It seems clear to me that rationing of end-of-life care and other health care is happening now and is inevitable. We cannot as a society afford to do everything that is possible. The question is “who should make the decisions and how?” Much of high cost ineffective care can be avoided if patients, their families and physicians are well informed and directly address the issues of effectiveness and cost as well as limitations on the extent of desired treatment before situations get out of hand. We need to address our culture’s values and encourage people to think about and discuss end-of-life care before it happens. Physicians play a significant role in this, but the church can play an import role as well by encouraging a Christian understanding of dying well and preparation for death rather than denial of it. When that is not effective we need societal policy that there are some very expensive and ineffective treatments that we as a society will not pay for.

Autonomy run amok

 

A hospitalist asked one of the members of our hospital’s ethics committee for help. “We’re providing more and more futile care for people at the end of their lives,” he said. “How can we stop?”

How, indeed? We find ourselves providing an increasing number of hi-tech, expensive interventions at the end of life that do little more than sustain the body functions of a patient who is dying: treatments that do not treat anything, but merely sustain physical processes, that keep the chest going up and down while organ systems are irreversibly shutting down.

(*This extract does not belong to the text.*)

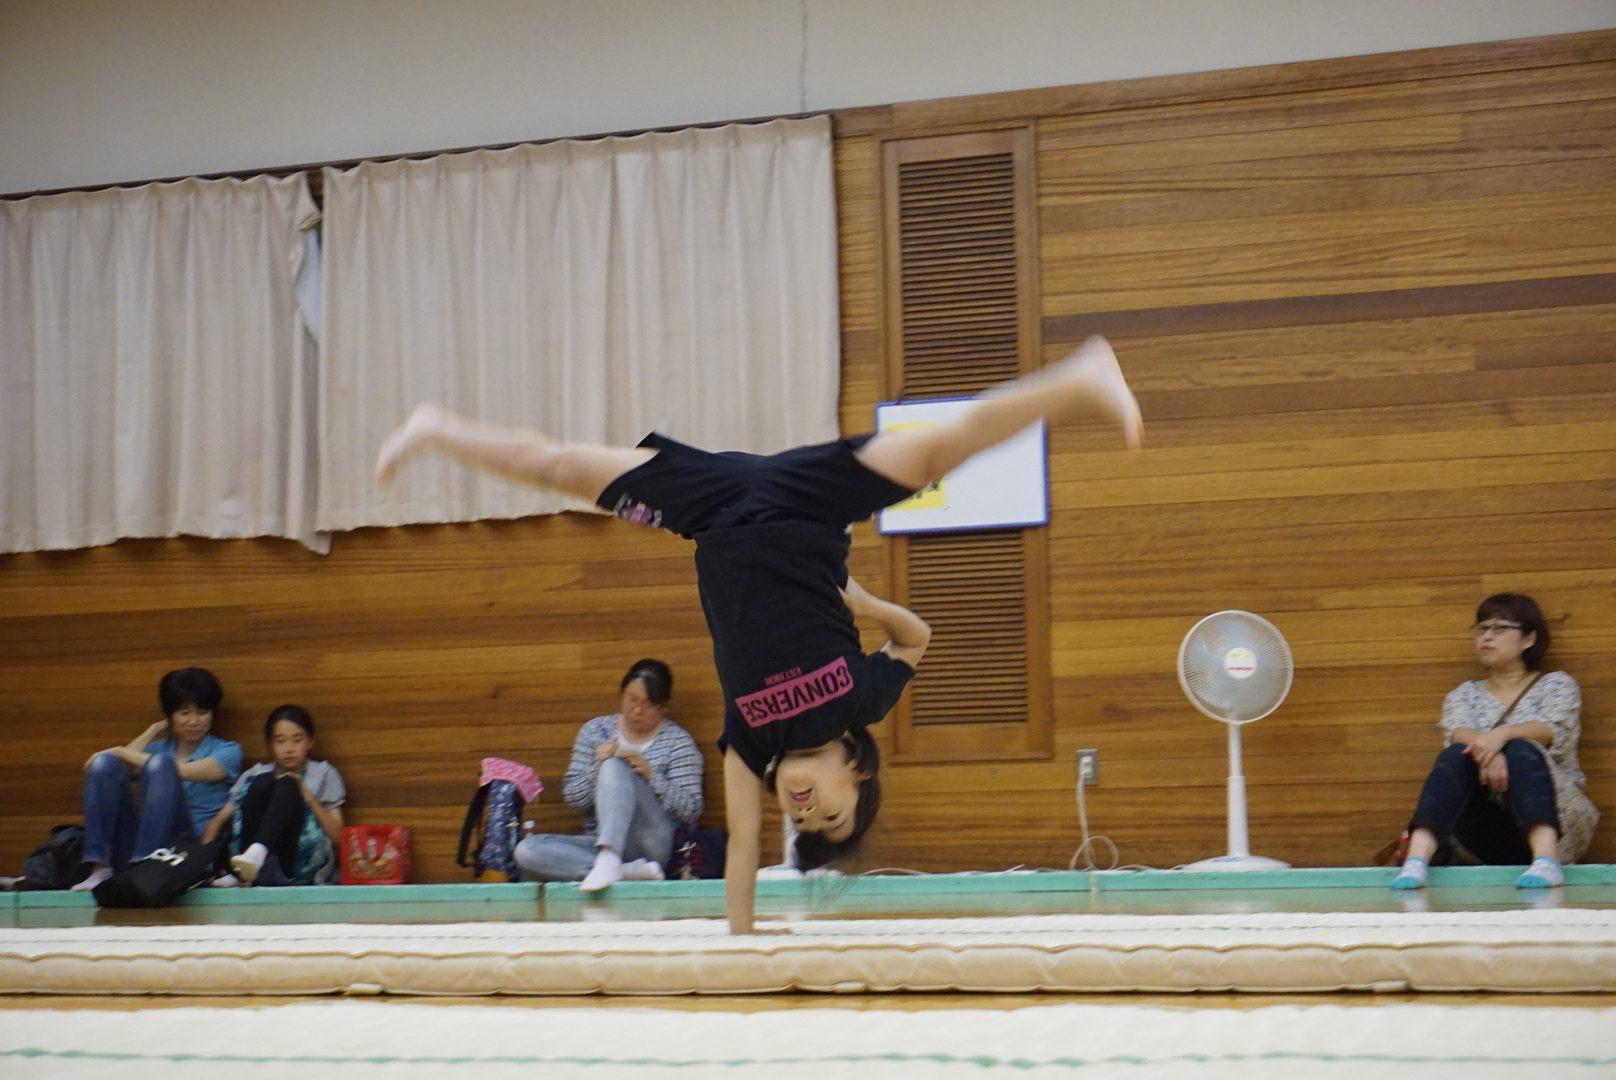 アクロバット体操

There are many causes of this: one is autonomy. The ethical imperative to honor patients’ autonomy dictates that we seek the patient’s wishes regarding whether or not to continue various interventions. However, typically in these situations, the patient is in no position to declare his or her wishes regarding treatment, so it falls to a family member to make decisions for the patient.  Thus, what often happens is that the physician asks the family member to discontinue the burdensome or disproportionate treatment for the patient. But think about what they are asking: in deference to autonomy, they are asking a family member to make the decision to “pull the plug” on their loved one. Whether or not it’s a medically appropriate thing to do, nobody wants to make the decision that will lead to the death of a loved one. The burden for making such decisions should rest primarily on a primary care physician who knows the patient and has his or her trust (NOT a hospitalist who works shifts and just met the patient last Tuesday).

Autonomy is a good thing and a proper balance to paternalism. But it is not an absolute good: it can lead to physicians abrogating their responsibility to make the hard decisions regarding patient treatment, and placing an impossible burden on family members.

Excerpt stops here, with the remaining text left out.